一位妙龄女子眉清目秀,样貌超凡脱俗,身着青衣罗裙,手撑一把樱红色油纸伞漫步在山间小溪边驻足观望着水下的倒影。
她笑着说:“终于可以得偿所愿了,玉郎,若蝶此生不恨你了,今日一别,便是生生世世相隔千里了。”
山林间传来一阵清脆的声响,若蝶寻声看去,浅浅一笑,又看了看水中的倒影,轻声道:“你来啦…”
若蝶身旁的空停下脚步,沙哑的声音响起:“吾取吾物。”
若蝶点点头,微微闭目,轻声道:“早该还你了,为何这契约,偏偏要三百年为期?”
空没有回答她,沙哑的说道:“归还者诚心实意,此契约分息不取。”说罢,她将手中的权杖点在若蝶的眉间,只见若蝶的脸上的皮肤缓缓的脱落,化作一只只红色蝴蝶飞向空的脸上。
空转身离去的那一刻,若蝶追上去,抱着空的腿哭了,“将我灵魂拿走吧!还你美貌我并非真心实意的!拿走我的灵魂吧!”
“汝魂不归吾所有。”说罢,空化作一群红蝶飞散。
若蝶捂着脸轻声抽泣,看看身后的水塘,起身苦笑一声,纵身而跃,这一跃,竟没有一点涟漪,水面平静宛如铜镜,似是方才的一切,不过是虚影……
三百年前。
若家村头时常有一癞脸的女孩坐在界碑上看着来来往往出入的人们,见到衣冠显贵的人,就会上前跪下磕头,向他们讨要钱财或食物,即使被人打骂,她也一脸笑嘻嘻的给打她的人磕头致歉。
不论要不要得到钱财食物,她每天都是带着笑容回家。

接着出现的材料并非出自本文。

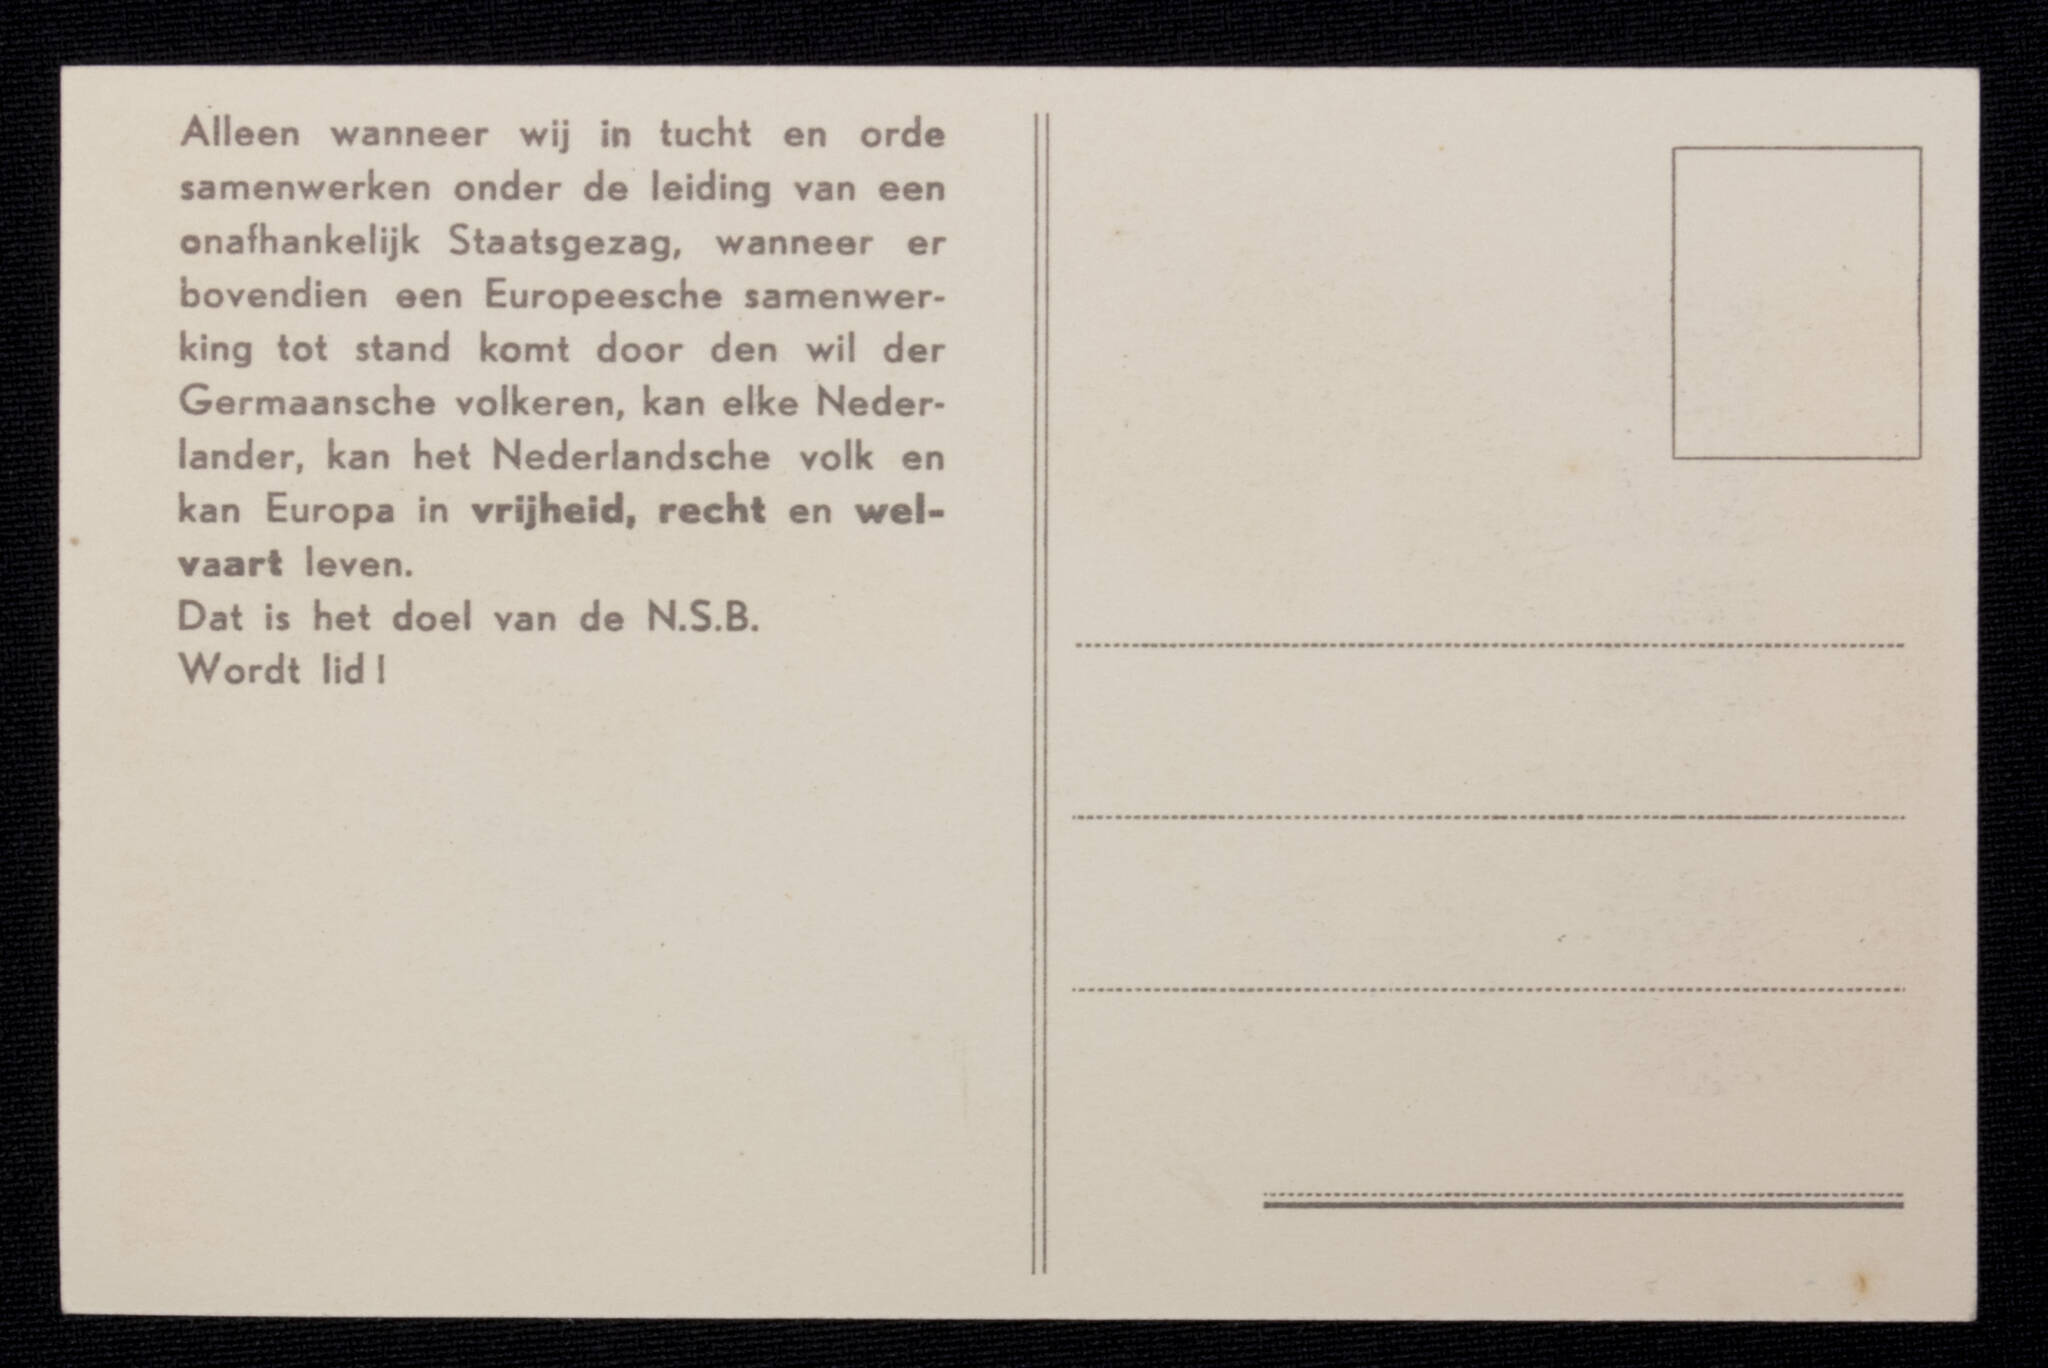 (Postcard) NSB Vrijheid - Recht - Welvaart

村里的人都叫她疯丫头。其实,她有名字,她叫若蝶。
这个名字是一个路过的人给她取的,那个人就是空。
转眼间,若蝶年芳二八了。
这女孩子大了,似乎都会不禁的幻想一下爱情。
一日。
大雨倾盆,坐在破庙里的若蝶都看不清屋外的路,若蝶有点焦急的来回踱步,最后她冲了出去,朝着村子奔去。
泥泞不堪的路上湿滑,难以站稳脚步,狂奔的若蝶脚下一滑,从路面滑下山坡,被半道的树枝刮伤了右脸,鲜血混着雨水从她的脸上流下,冲染了她的衣襟。
她努力的从泥坑里爬起来,却又滑倒,她再次努力,再次滑倒…如此反复,直到筋疲力竭。
就在若蝶想要放弃的时候,头顶的雨却被一把油纸伞遮。
她抬头仰望,一只朦胧间,一位翩翩公子向她伸手,公子浅浅一笑,道:“来!”
若蝶突然有些不知所措,连忙擦了擦脸,看见满是淤泥的手上掺杂着殷红的鲜血,这才知道自己的脸受了伤。她跌跌撞撞的赶忙起身,一手撑开衣袖遮掩着脸,一边忙着避开公子,生怕自己身上的淤泥和鲜血沾染到了他身上。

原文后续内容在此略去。